Our analysis underscores a compelling correlation between parental education levels and student aspirations. Offspring of highly educated parents demonstrate a staggering 99% inclination towards pursuing higher education. Conversely, students with parents educated up to primary level show a notable decline in aspiration, with 89% expressing a desire for further education. This marked disparity underscores the profound influence of parental educational attainment on shaping students' academic ambitions.
In the culmination of this project, a rich tapestry of insights has been woven, unveiling the intricate dynamics that underpin student performance analysis. Through meticulous examination of socio-demographic, familial, and lifestyle factors, the project has shed light on the multifaceted interplay between students' contexts and their academic outcomes.

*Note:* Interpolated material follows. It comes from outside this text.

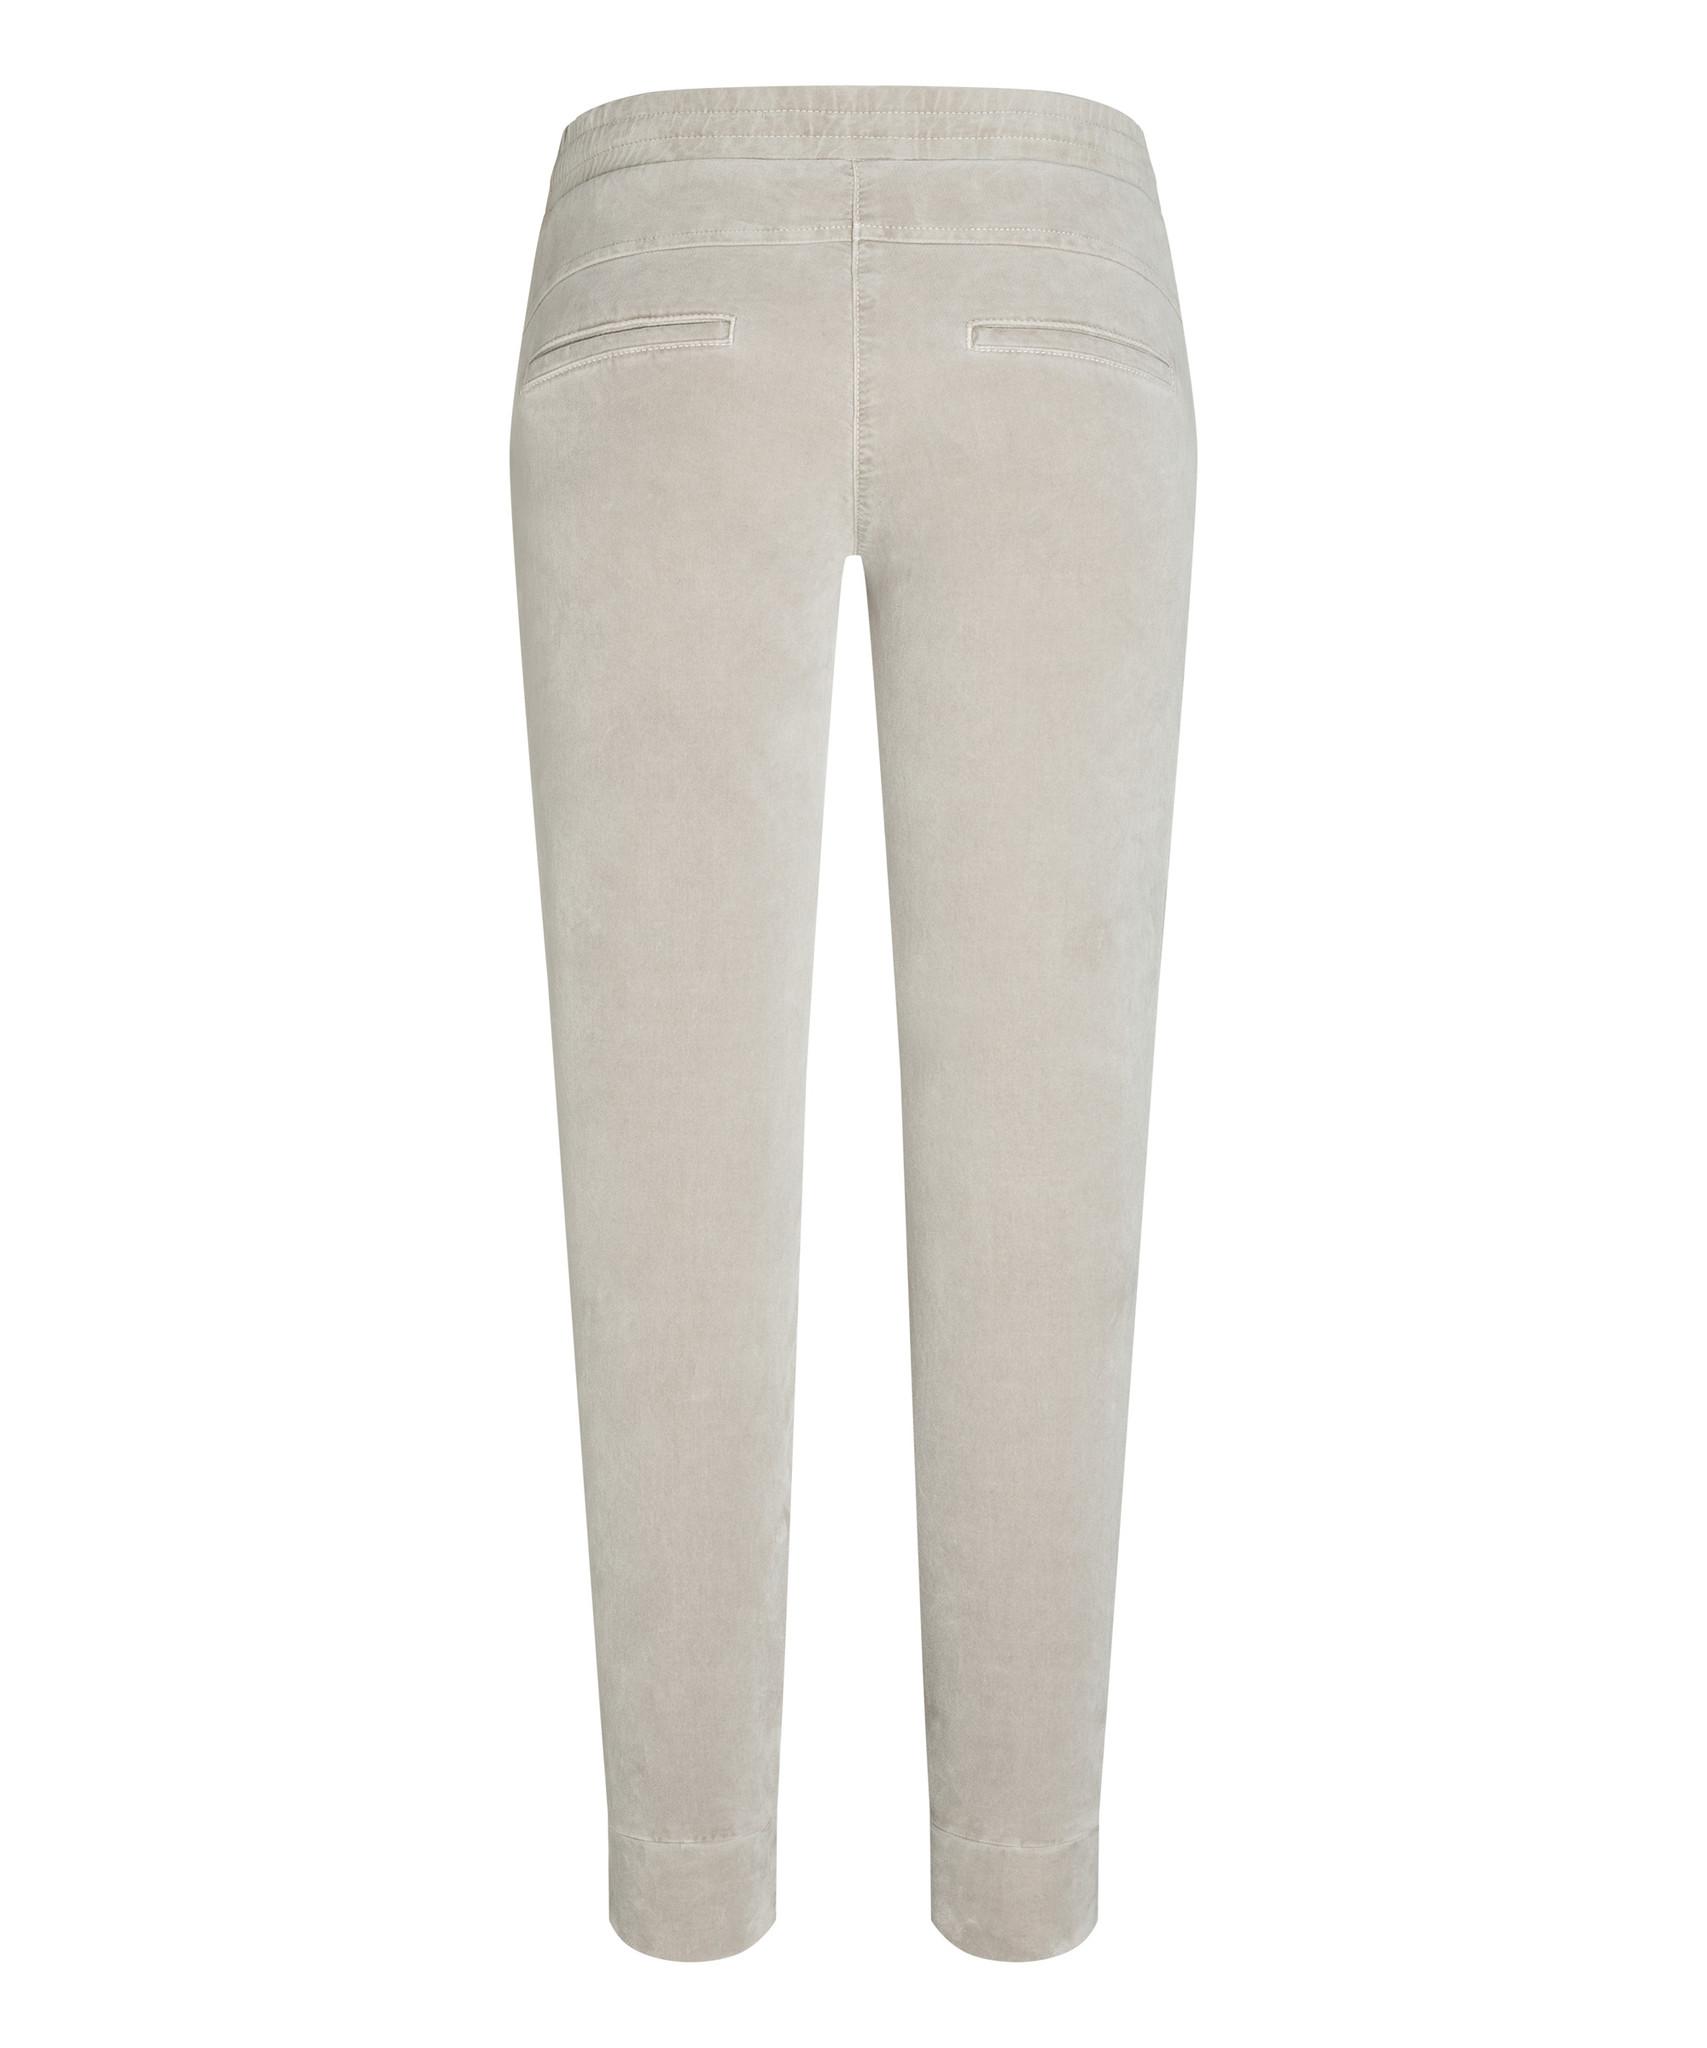 Cambio trousers JORDEN 7505-2

From dissecting the rural-urban dichotomy to unraveling the nuances of familial guardianship, the findings underscore the pivotal role of context in shaping educational trajectories. It becomes evident that academic success is not solely a product of individual effort but is deeply intertwined with the environments in which students reside and learn. Factors such as access to resources, familial support structures, and socio-economic conditions emerge as influential determinants that can either propel or hinder educational attainment.
Furthermore, the analysis underscores the enduring impact of parental education on student aspirations, highlighting how the legacies of learning are transmitted across generations. The disparities in aspirations across different levels of parental education serve as poignant reminders of the profound influence of familial dynamics on shaping students' aspirations for the future.
In navigating the complexities of education, it becomes imperative to recognize that student success is intricately linked to broader socio-economic and familial contexts. By delving into these interconnected realms, the project not only offers insights into the drivers of academic achievement but also underscores the need for holistic, multi-dimensional approaches to supporting student success.
In conclusion, the project stands as a testament to the power of data-driven insights in unraveling the mysteries of education. By harnessing the potential of analytics, it embarks on a transformative journey toward fostering a more equitable and inclusive educational landscape—one where every student has the opportunity to thrive, irrespective of their circumstances. As the findings inspire action and advocacy, let them serve as beacons of hope in the pursuit of educational excellence for all.